Nonetheless, it would be a mistake to downplay this achievement. Building a machine with 13.79 million cores capable of exceeding two exaflops in HPL and leading HPCG demands mastery of architecture, manufacturing, integration, networking, energy, cooling, and system software. While not the ideal AI training machine, it demonstrates engineering capabilities that will have scientific and industrial applications.
Supercomputing is returning to familiar territory: rankings matter but don’t tell the whole story. For years, TOP500 was the major benchmark of computational power. In the AI era, the focus has partly shifted to private, opaque, and workload-specific clusters. This does not diminish LineShine’s significance but advises careful interpretation of its victory.
China has just won the classic supercomputing ranking. The U.S. maintains a strong position with mixed-precision accelerated systems and private AI infrastructure. Europe, with JUPITER Booster, already has recognized exascale presence. The competition is no longer defined by a single metric.
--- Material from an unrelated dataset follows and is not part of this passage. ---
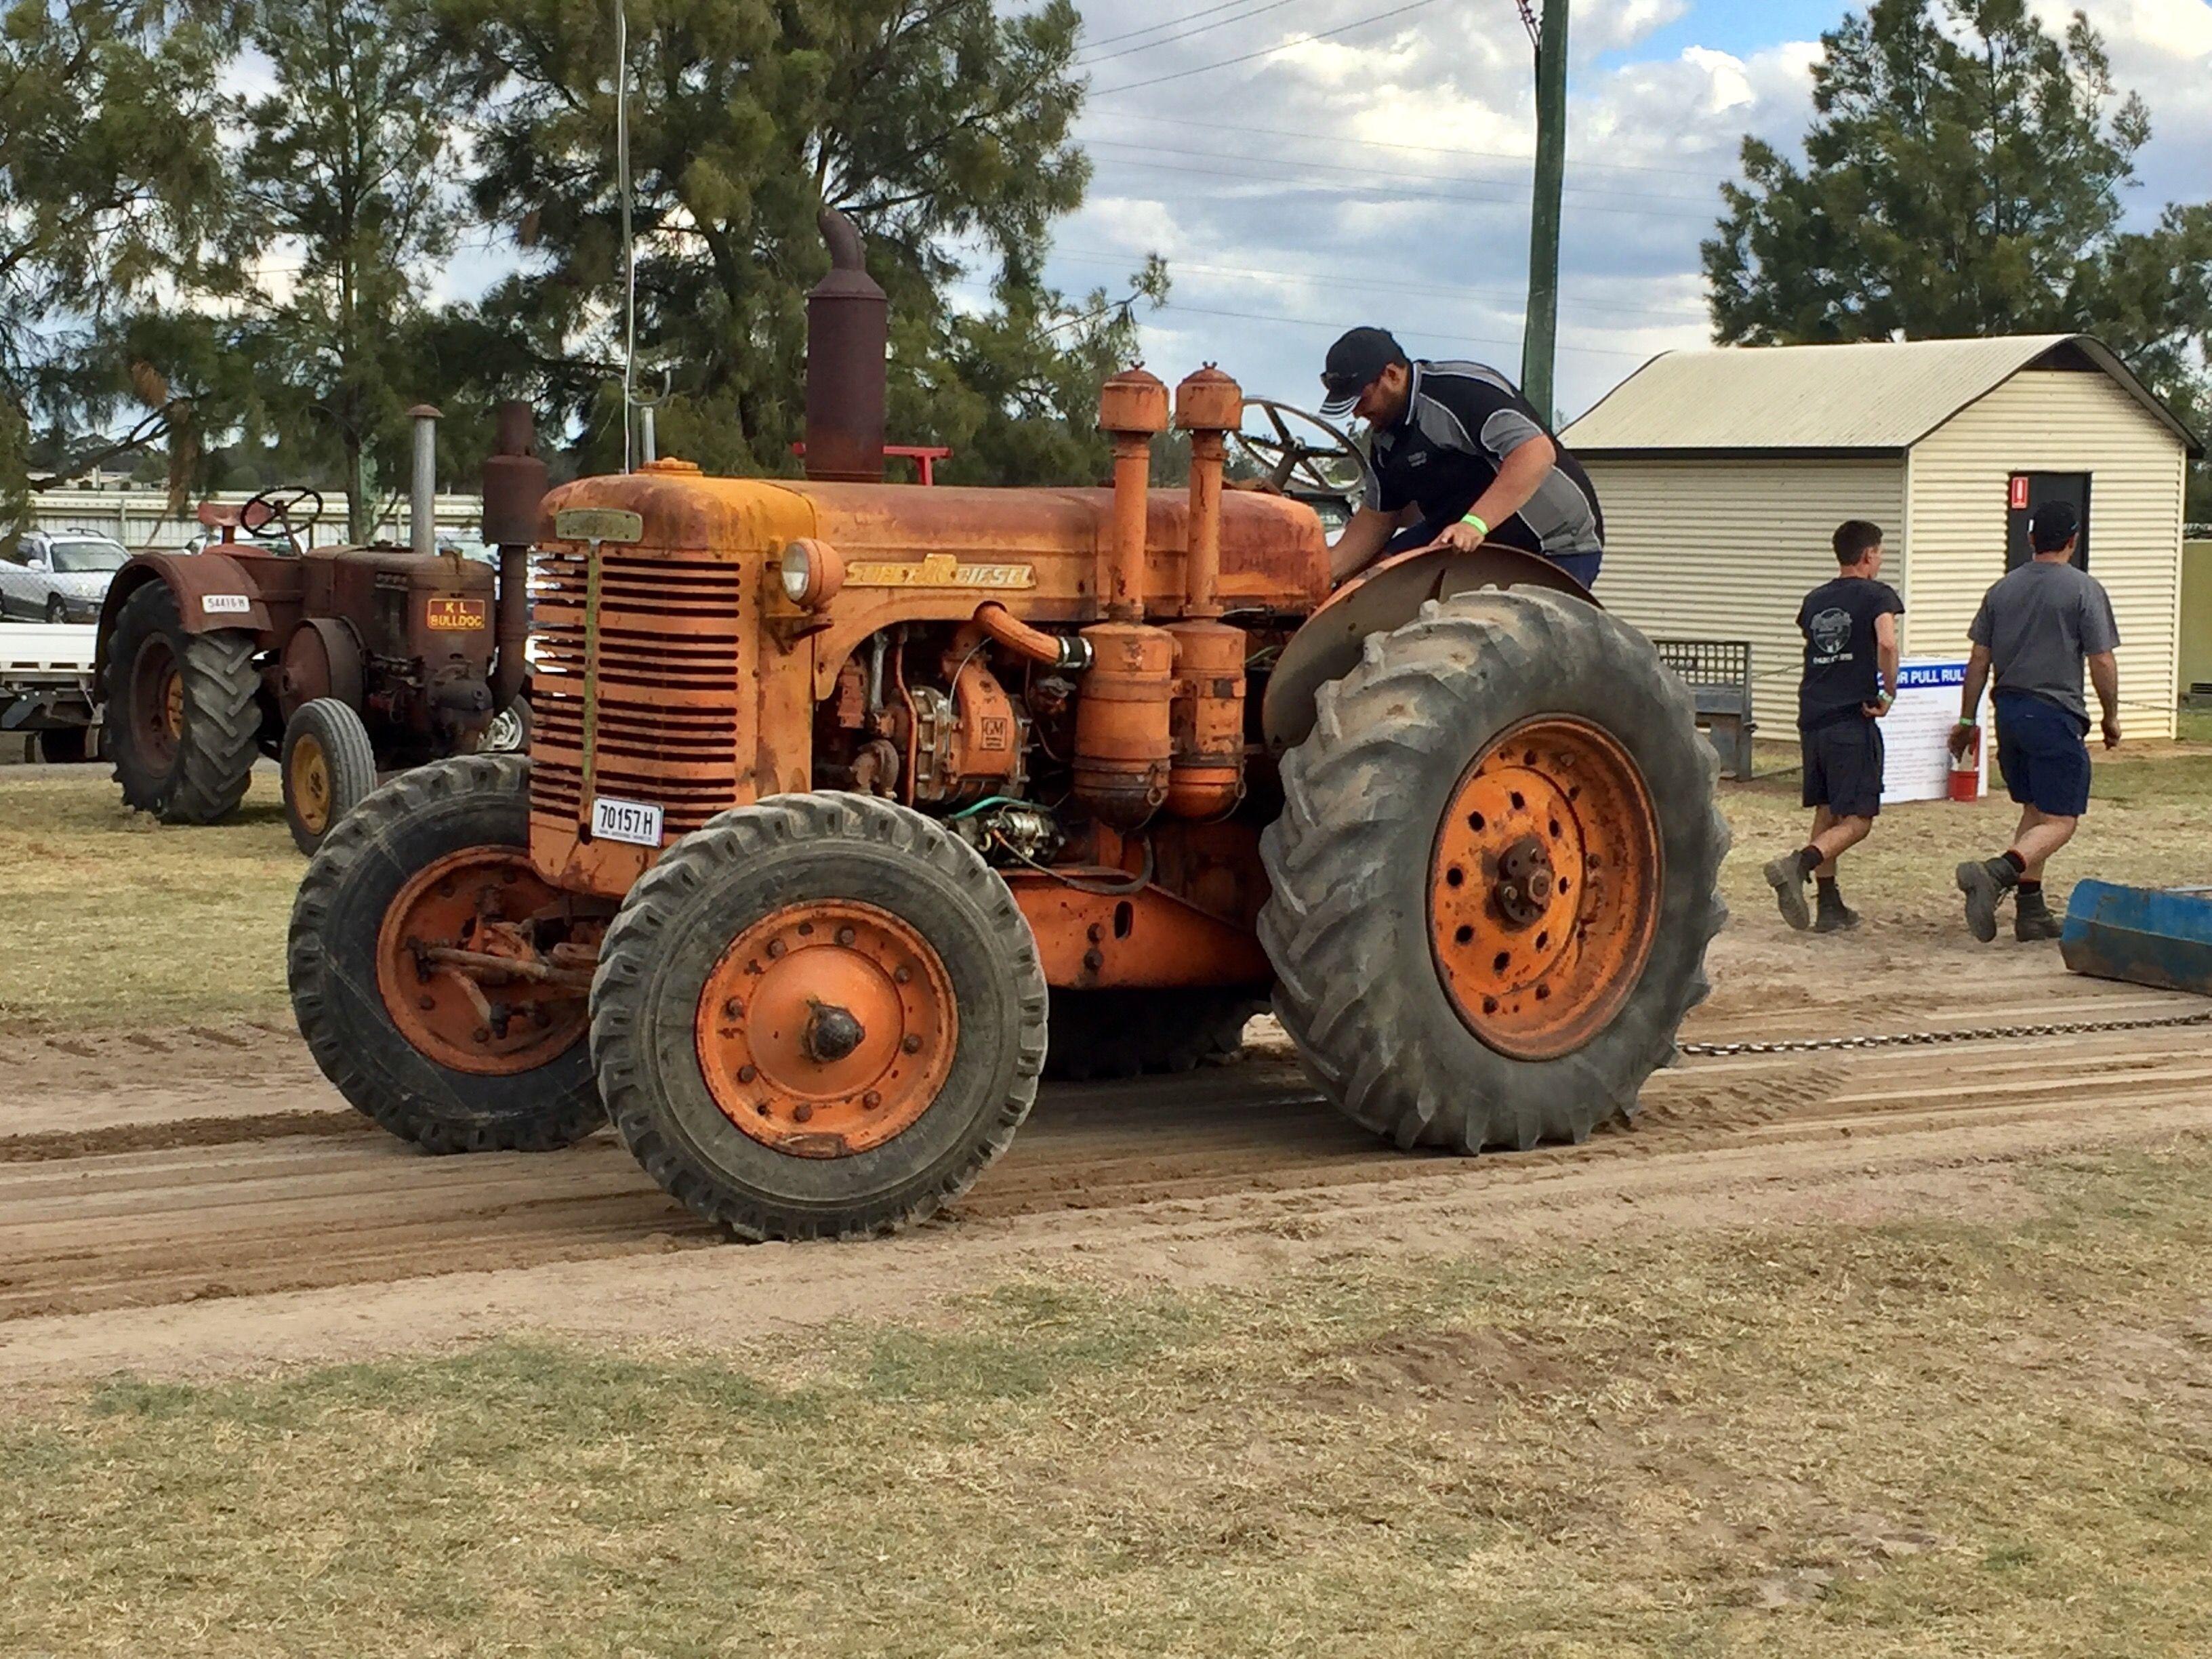 Pin by John Shepherd on tractors | Pinterest | Tractor
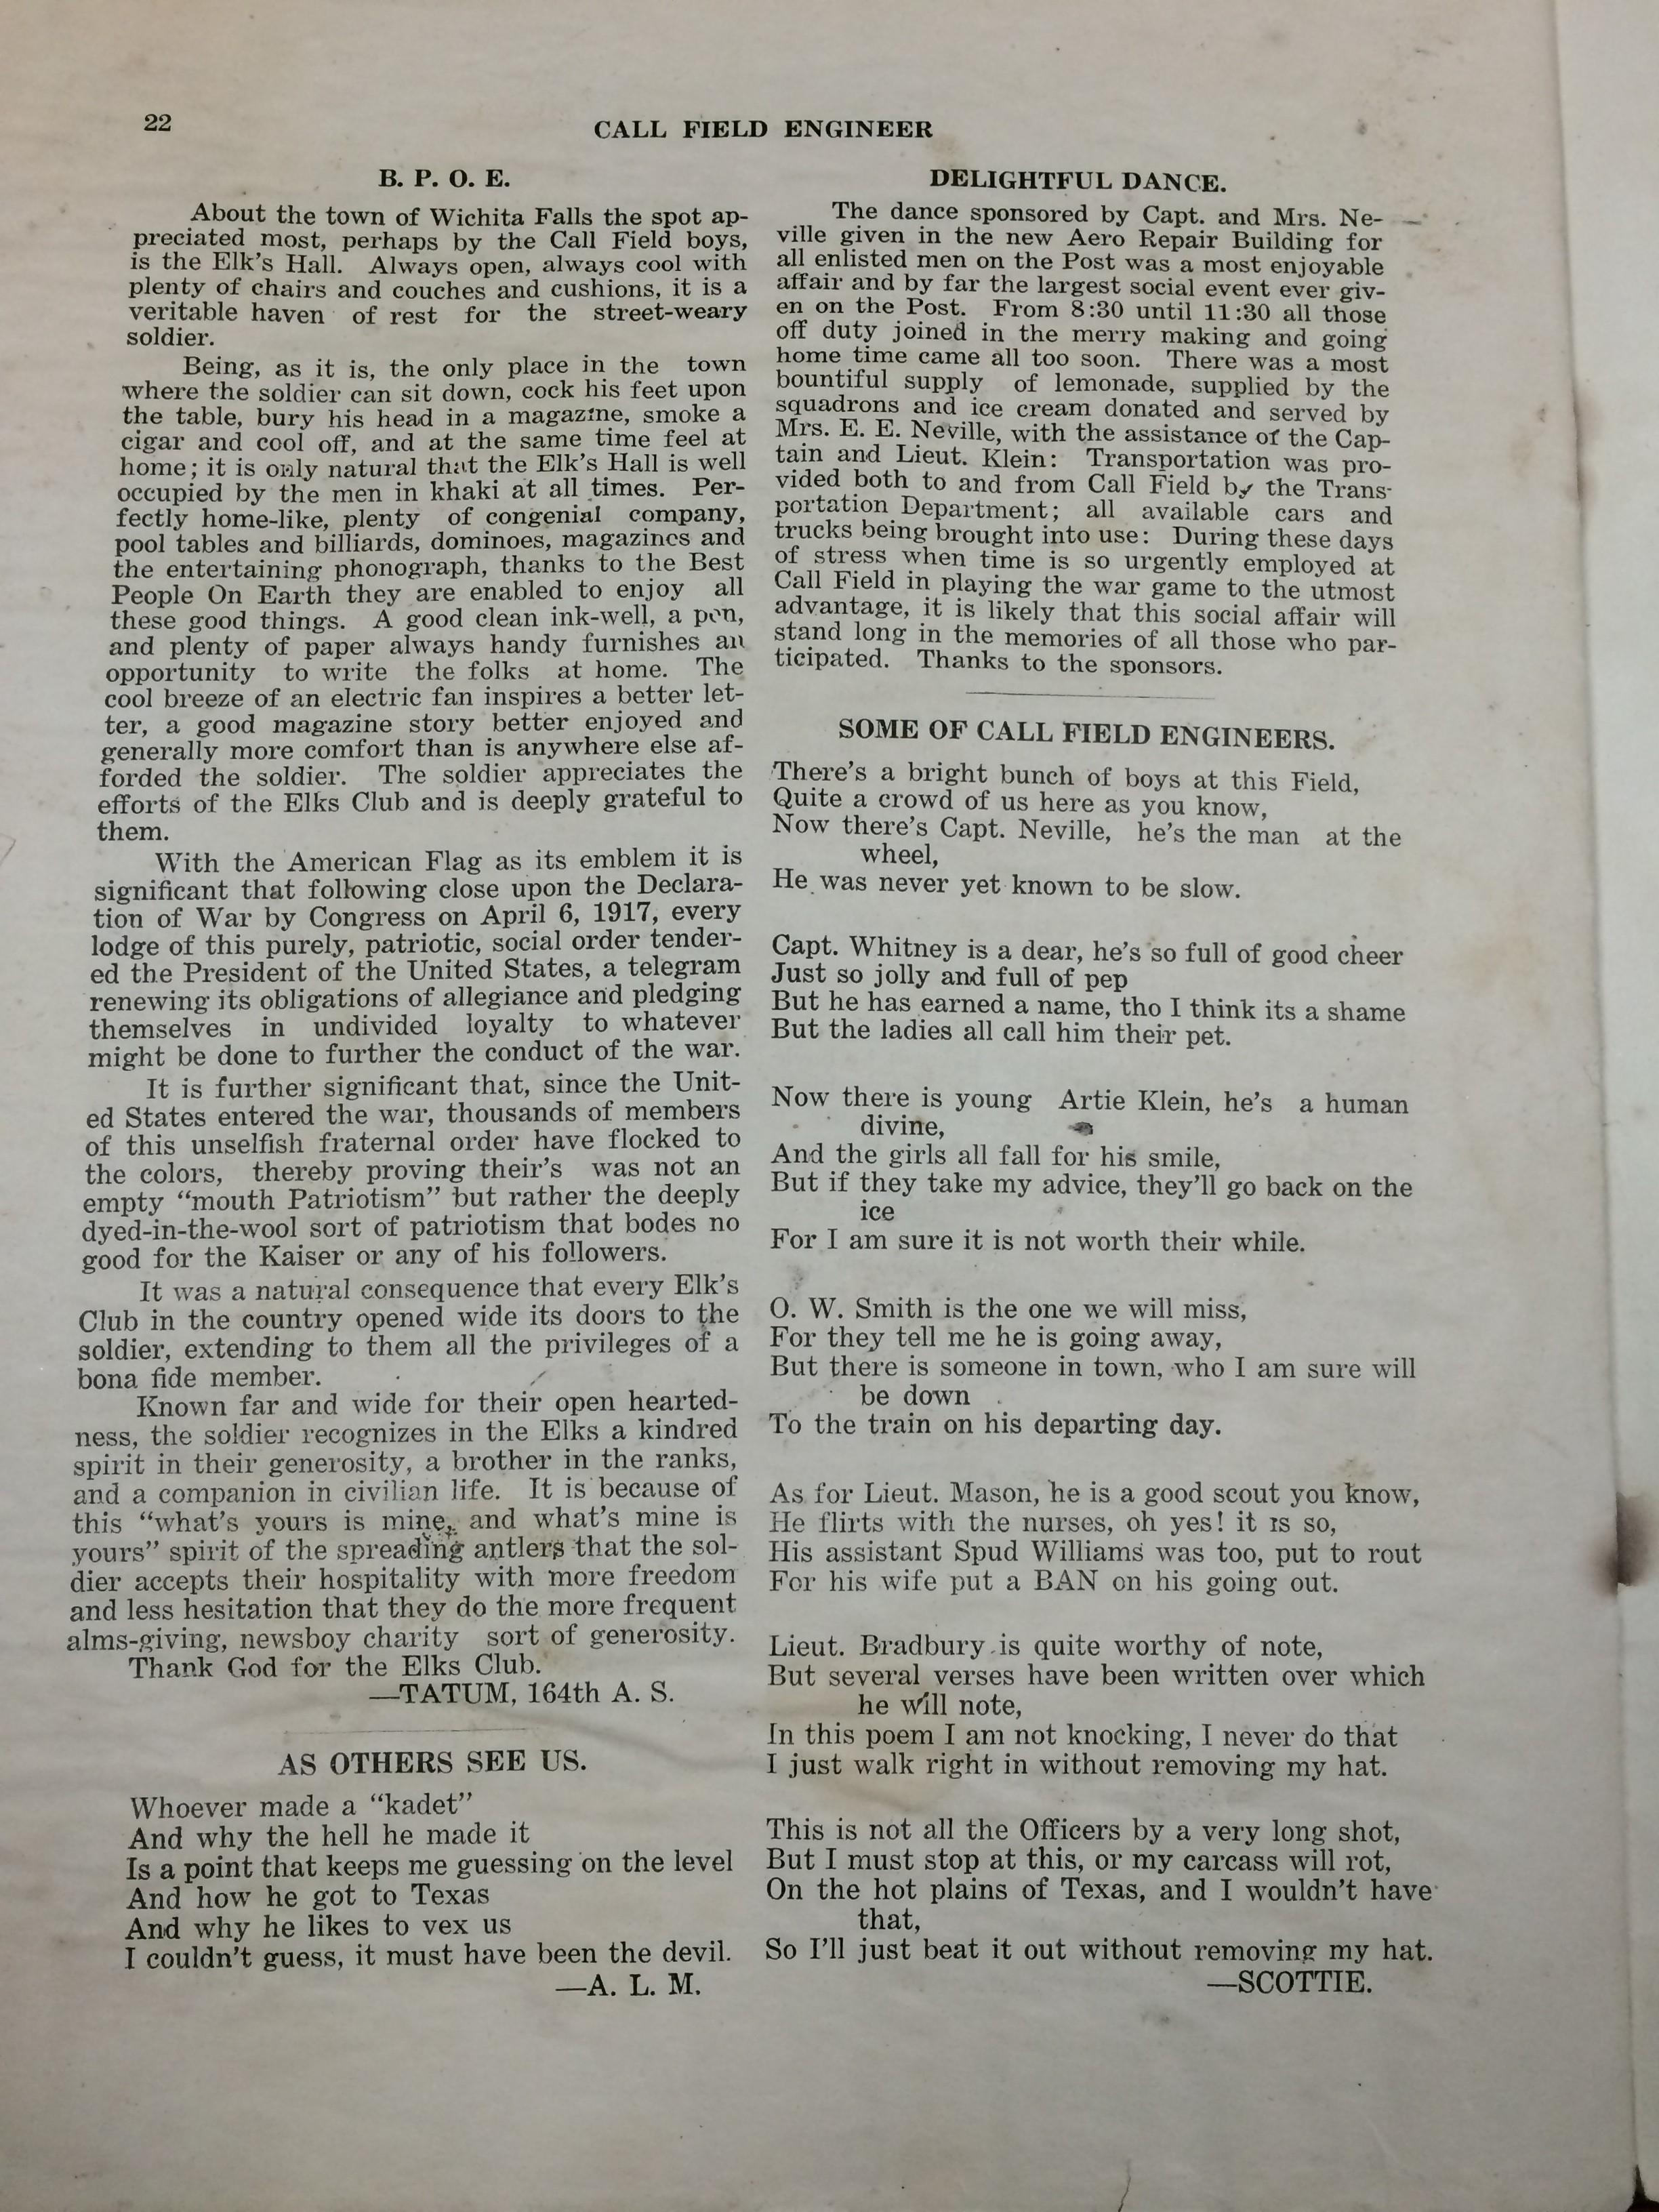 Image 24 July 1918 Call Field Engineer

LineShine is an impressive machine and simultaneously a piece of a larger puzzle. For scientific HPC, its success marks a milestone. For AI, the question remains: who controls the accelerators, memory, software, and data centers capable of training and deploying frontier models at a global scale?
Frequently Asked Questions
What is LineShine?
LineShine is a supercomputer installed at the National Supercomputing Centre in Shenzhen. It debuted as the number one on the June 2026 TOP500 list with 2.198 exaflops in the HPL benchmark.
Does this mean China has the most powerful AI computer?
Not necessarily. TOP500 mainly measures traditional HPC performance in double precision. In HPL-MxP, a benchmark closer to mixed-precision workloads used in AI, LineShine ranks fourth.
What hardware does LineShine use?
According to TOP500, it is based on the Chinese LingKun platform, featuring LX2 processors with 304 cores at 1.55 GHz, the LingQi interconnect, Kylin OS, and a total of 13,789,440 cores.
Why is this achievement important for China?
Because it demonstrates the capability to build exascale supercomputers with a domestically developed architecture amid increasing U.S. restrictions on advanced chips. It’s a strategic technological and geopolitical message.